Given information below:

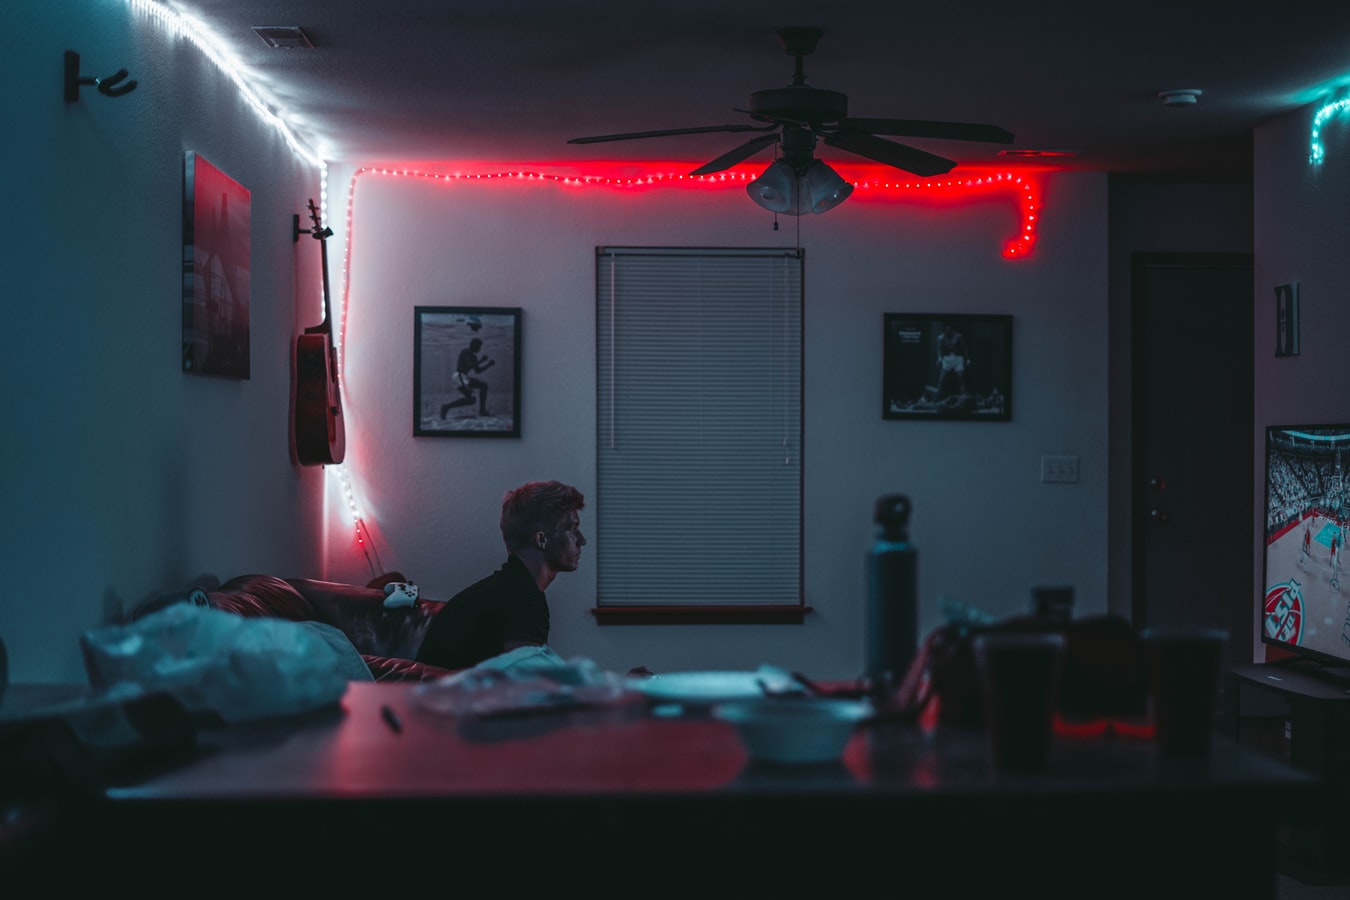 A teenager sitting in a dark room playing video games
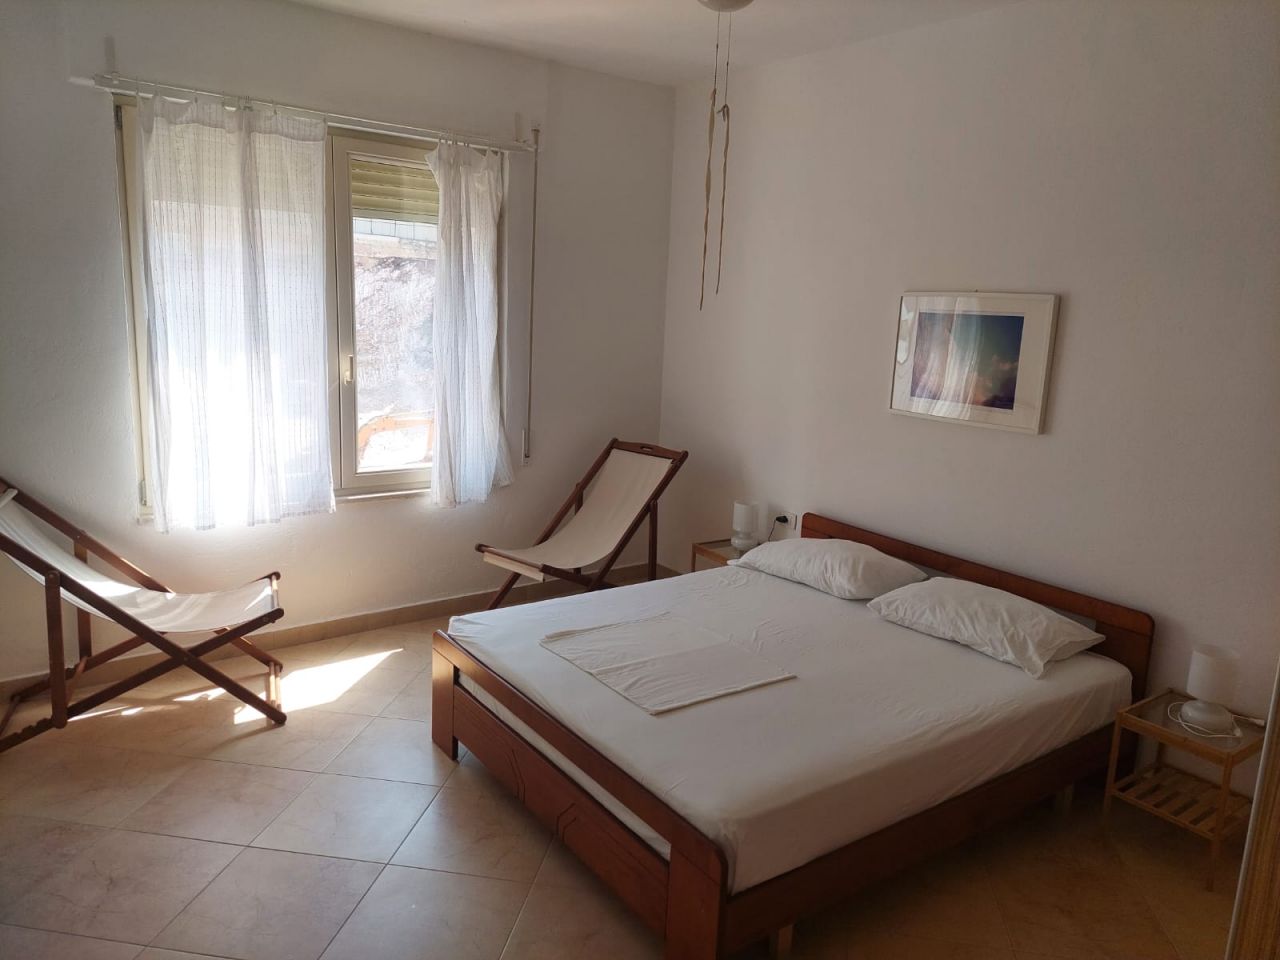 RENT HOLIDAY APARTMENT IN SARANDE. ENJOY VACATION IN ALBANIA 
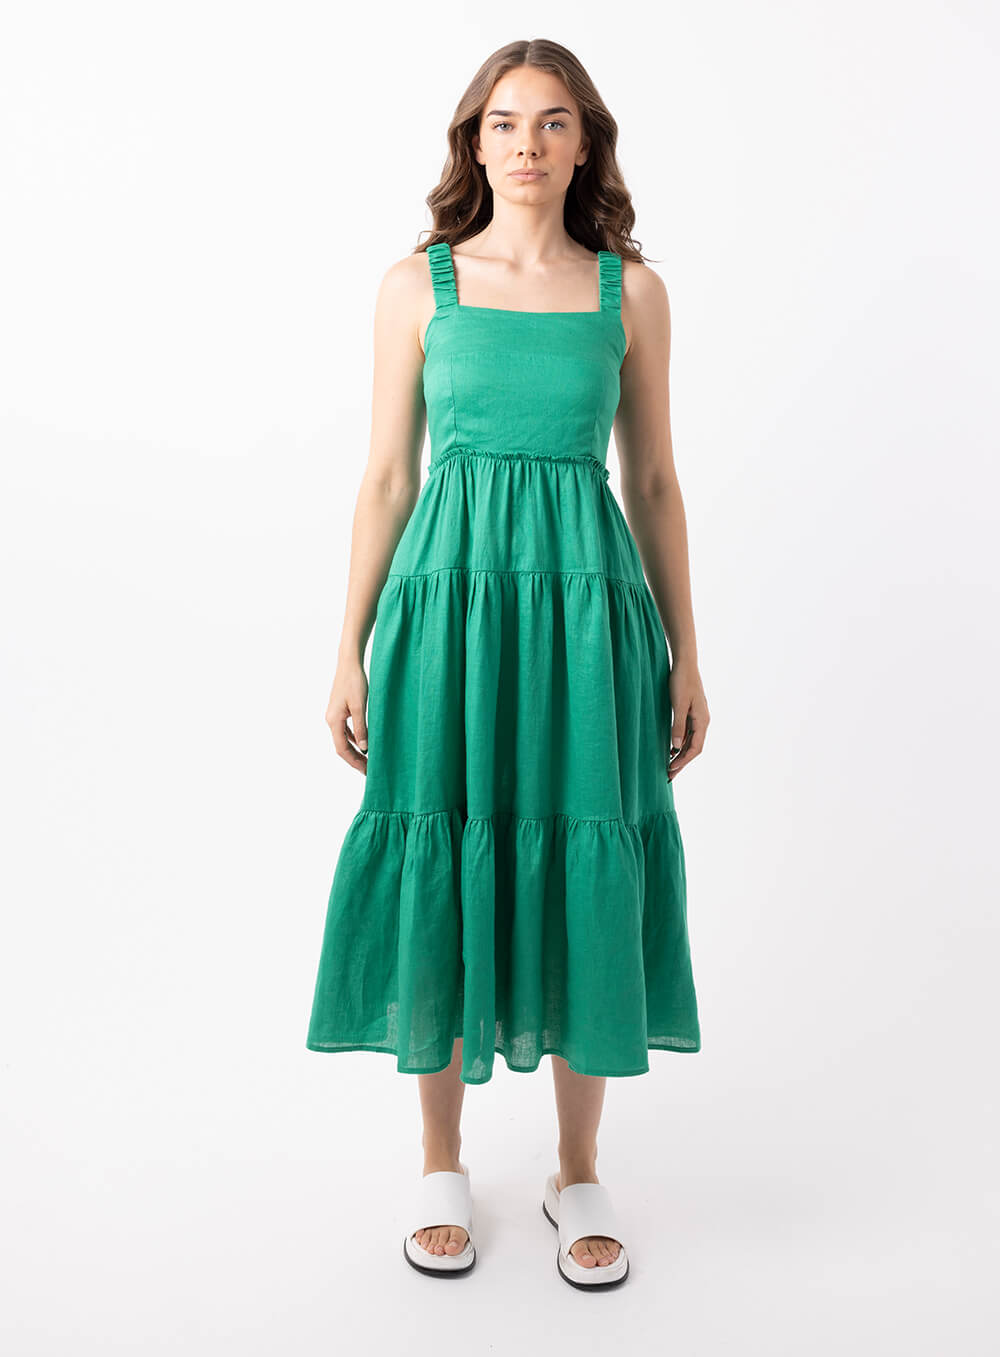 The Finlay Linen dress in green is made from 100% breathable linen, featuring a tiered skirt, thin rouched straps and 2 side pockets

End of Given information.

_Exercise prompt_
Retype all the data exactly; skip the pictures.

_Written reply_
 A teenager sitting in a dark room playing video games
 RENT HOLIDAY APARTMENT IN SARANDE. ENJOY VACATION IN ALBANIA 
 The Finlay Linen dress in green is made from 100% breathable linen, featuring a tiered skirt, thin rouched straps and 2 side pockets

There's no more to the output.